In a Dutch population-based observational cohort study reported in JAMA Oncology, Rovers et al found that adjuvant systemic chemotherapy was associated with improved overall survival vs active surveillance after upfront resection of isolated synchronous colorectal peritoneal metastases.
The study used nationwide data from the Netherlands Cancer Registry on 393 patients diagnosed between January 2005 and December 2017 who had isolated synchronous colorectal peritoneal metastases and were alive at 3 months after upfront complete cytoreductive surgery with hyperthermic intraperitoneal chemotherapy. Follow-up was conducted through January 2019. Adjuvant systemic chemotherapy was defined as systemic chemotherapy without targeted therapy starting within 3 months after surgery. Patients who received adjuvant systemic chemotherapy were matched 1:1 with patients who received active surveillance using propensity scores based on patient-, tumor-, and treatment-level covariates.

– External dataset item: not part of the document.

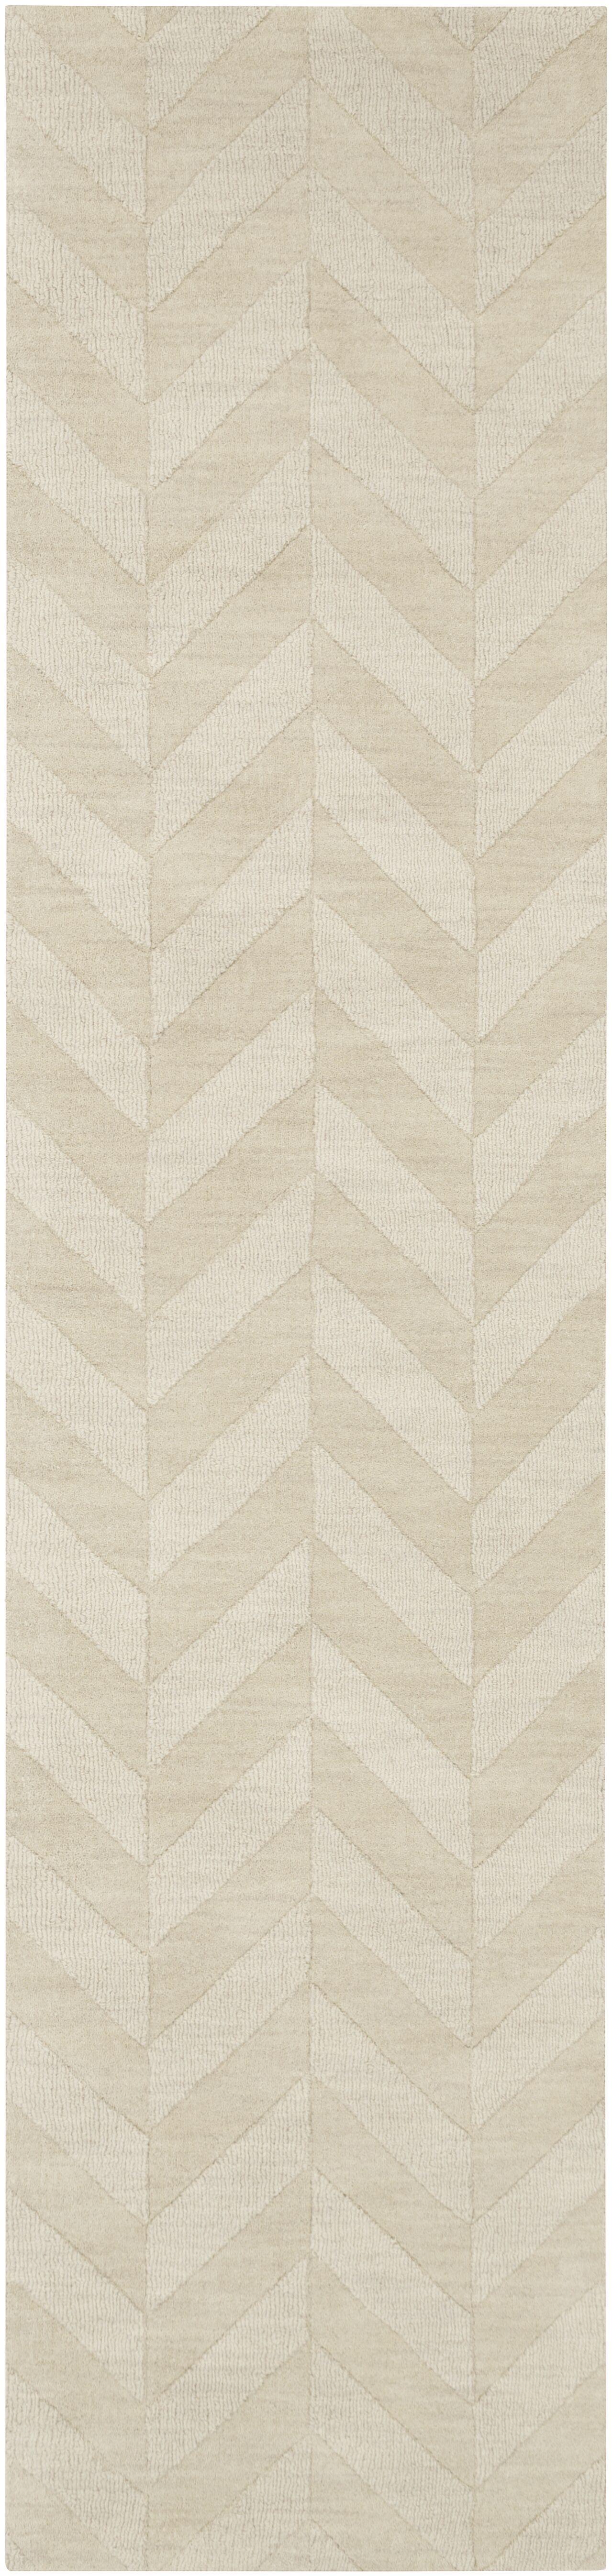 Sunburst Hand-Woven Wool Ivory Area Rug Rug Size: Runner 2'3

Among all 393 patients, 172 had received adjuvant systemic chemotherapy. Analysis was performed in propensity score–matched groups of 142 who received adjuvant chemotherapy and 142 who received active surveillance. In the entire matched population, median follow-up was 25.9 months.
Median overall survival was 39.2 months (interquartile range [IQR] = 20.8–51.5 months) in the adjuvant chemotherapy group vs 24.8 months (IQR = 12.5–34.7 months) in the active surveillance group (adjusted hazard ratio [HR] = 0.66, P = .006). Overall survival at 1, 3, and 5 years was 92% vs 81%, 55% vs 41%, and 35% vs 22%. The survival benefit remained significant in analysis excluding all patients who died within 6 months after surgery (adjusted HR = 0.68, P = .02) and after adjustment for major postoperative morbidity (adjusted HR = 0.71, 95% confidence interval = 0.53–0.95).
The investigators concluded, “Findings of this study suggest that in patients undergoing upfront resection of isolated synchronous colorectal peritoneal metastases, adjuvant systemic chemotherapy appeared to be associated with improved overall survival. Although randomized trials are needed to address the influence of potential residual confounding and allocation bias on this association, results of this study may be used for clinical decision-making in this patient group for whom no data are available.”
Ignace H.J.T. de Hingh, PhD, of the Department of Surgery, Catharina Cancer Institute, Eindhoven, is the corresponding author for the JAMA Oncology article.